Palea used state vehicles and drivers to transport boxes containing "ice" to Honolulu International Airport and even required the help of a state worker to sign documents for one of the shipments, according to a Drug Enforcement Administration affidavit filed yesterday in Honolulu District Court.

He is in federal custody, charged with possession of methamphetamine with the intent to distribute the drug. A detention hearing on his eligibility for bail is scheduled for March 15, according to Assistant U.S. Attorney Thomas Muehleck.

Palea was recently spotlighted on a segment of Hawai'i Public Television's "Long Story Short" program, hosted by Leslie Wilcox. He also was prominently featured in news coverage of the group of Kalaupapa residents who traveled to Rome in October to attend canonization ceremonies for Father Damien de Veuster, the Belgian-born Catholic priest who contracted Hansen's disease and died at Kalaupapa in 1889 while ministering to patients there.

According to the affidavit by DEA Special Agent Patrick Wong, when Palea was found in possession of crystal meth at Honolulu International Airport in November, he denied wrongdoing and said the state Department of Health, which administers the Hansen's disease settlement, "was to blame for a lack of investigative activity at (Kalaupapa) following numerous thefts."

Palea also invited both Wong and Maui police to "investigate the drug addicts there."

Spokeswoman Janice Okubo, of the Health Department, would not comment yesterday on the criminal case.

She said her agency doesn't "think there are drug problems (at Kalaupapa), but we have asked the police to help us, and there is an investigation going on now."

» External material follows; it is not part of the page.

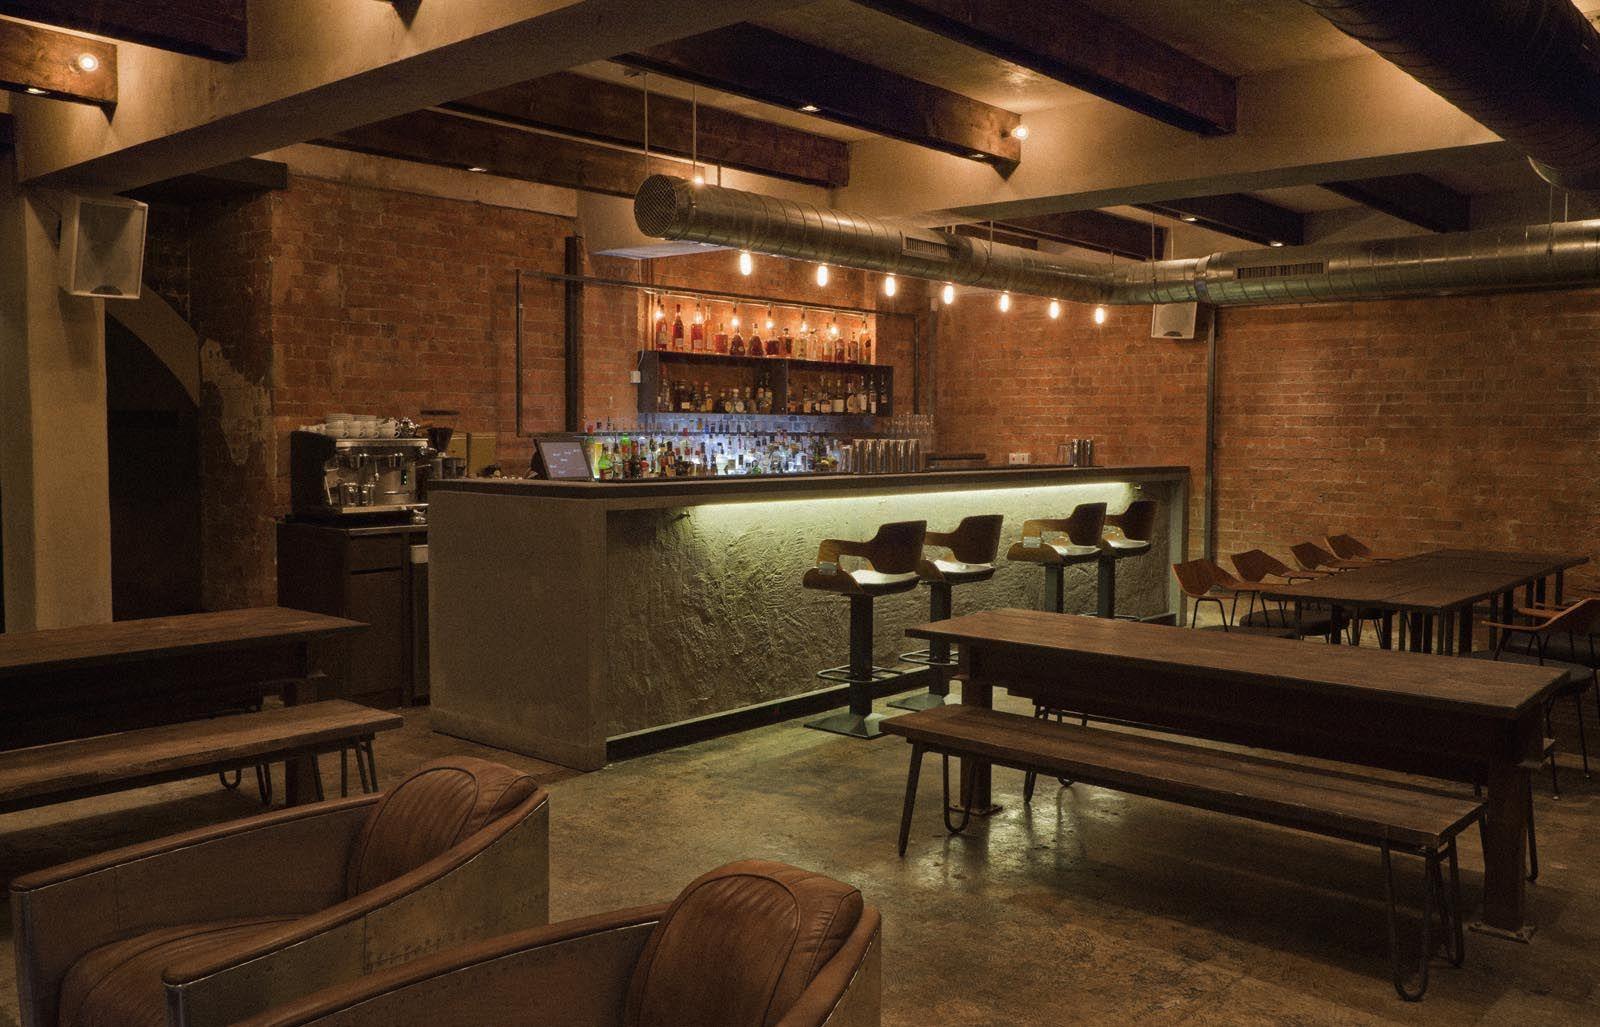 Restaurant Interior Design: Industrial Environment Style  Restaurant interior, Bar restaurant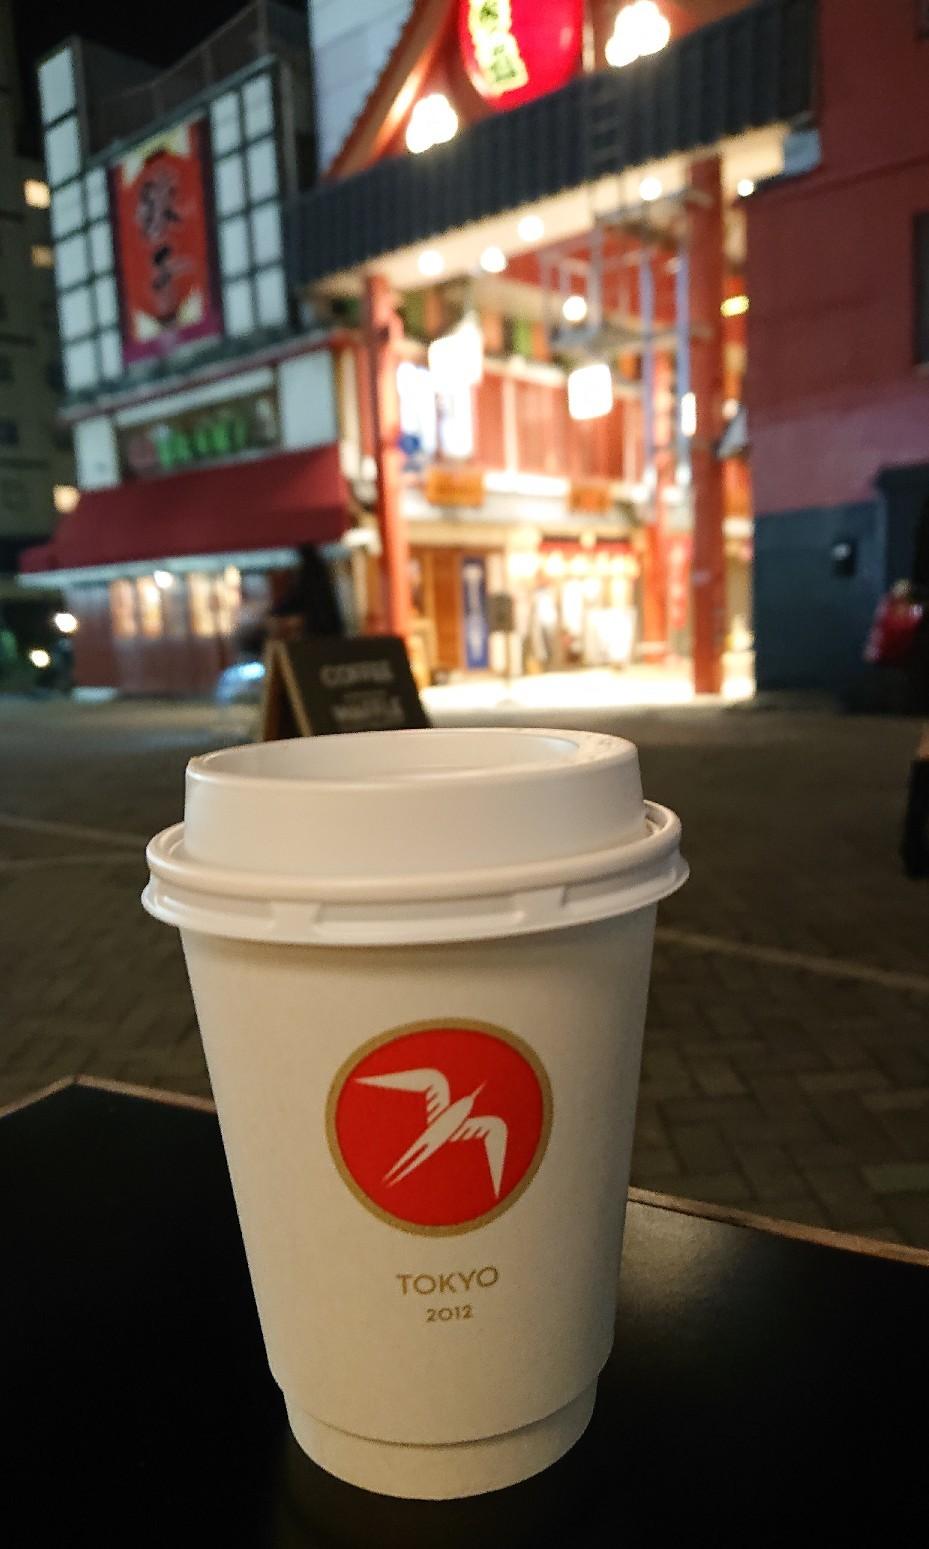 浅草で北欧コーヒー_a0098948_18323873.jpg

The affidavit said the DEA probe began with a tip from retired HPD officer Melvin Nakapaahu, now working as an investigator in the U.S. attorney general's office, that Palea was transporting drugs to Kalaupapa and would be flying to Honolulu on Nov. 16 and returning to Moloka'i the next day.

Agents stopped him at the Honolulu airport Nov. 17 and found nine plastic bags containing 4.6 grams of suspected methamphetamine in a box he was planning to take to Moloka'i, according to Wong.

Palea told the agents he had been given the box to deliver to another individual at Kalaupapa. He said he was wrongly under suspicion because "he had dealt drugs before" and "people naturally blame him for bad things that happen" at Kalaupapa, according to the affidavit.

Palea, who was involved in a 1992 drug case, was not arrested at that time, but was put under surveillance when he returned to Honolulu on Feb. 25.

A state government sedan picked him up at the airport and drove Palea to a Kaimukī bank, where he was seen "counting a large sum of cash" at the teller's window, Wong said. He was then followed to a Longs Drugs store and from there took a bus to Leahi Hospital near Diamond Head, where Hansen's disease patients receive treatment.

The following day, lab tests confirmed that the substance seized from Palea in November was indeed methamphetamine, the affidavit said.

On Feb. 26, Palea arrived at the Honolulu airport in a state car and paid $24 to ship a box to Moloka'i, according to Wong.

Palea paid the shipping bill himself, but his driver had to sign the paperwork because of the effects of Hansen's disease on Palea's hands, the affidavit said.

When agents searched the box, they found two plastic bags containing 18 grams of methamphetamine, the report said.

Wong said the quantity of drugs "is not consistent for personal use but rather is more consistent with distribution."

According to accounts of Palea's life, he was first sent to Kalaupapa when he was 5 years old because a doctor misdiagnosed a mosquito bite on his ear as Hansen's disease. He was sent home but later developed the disease and returned to Kalaupapa.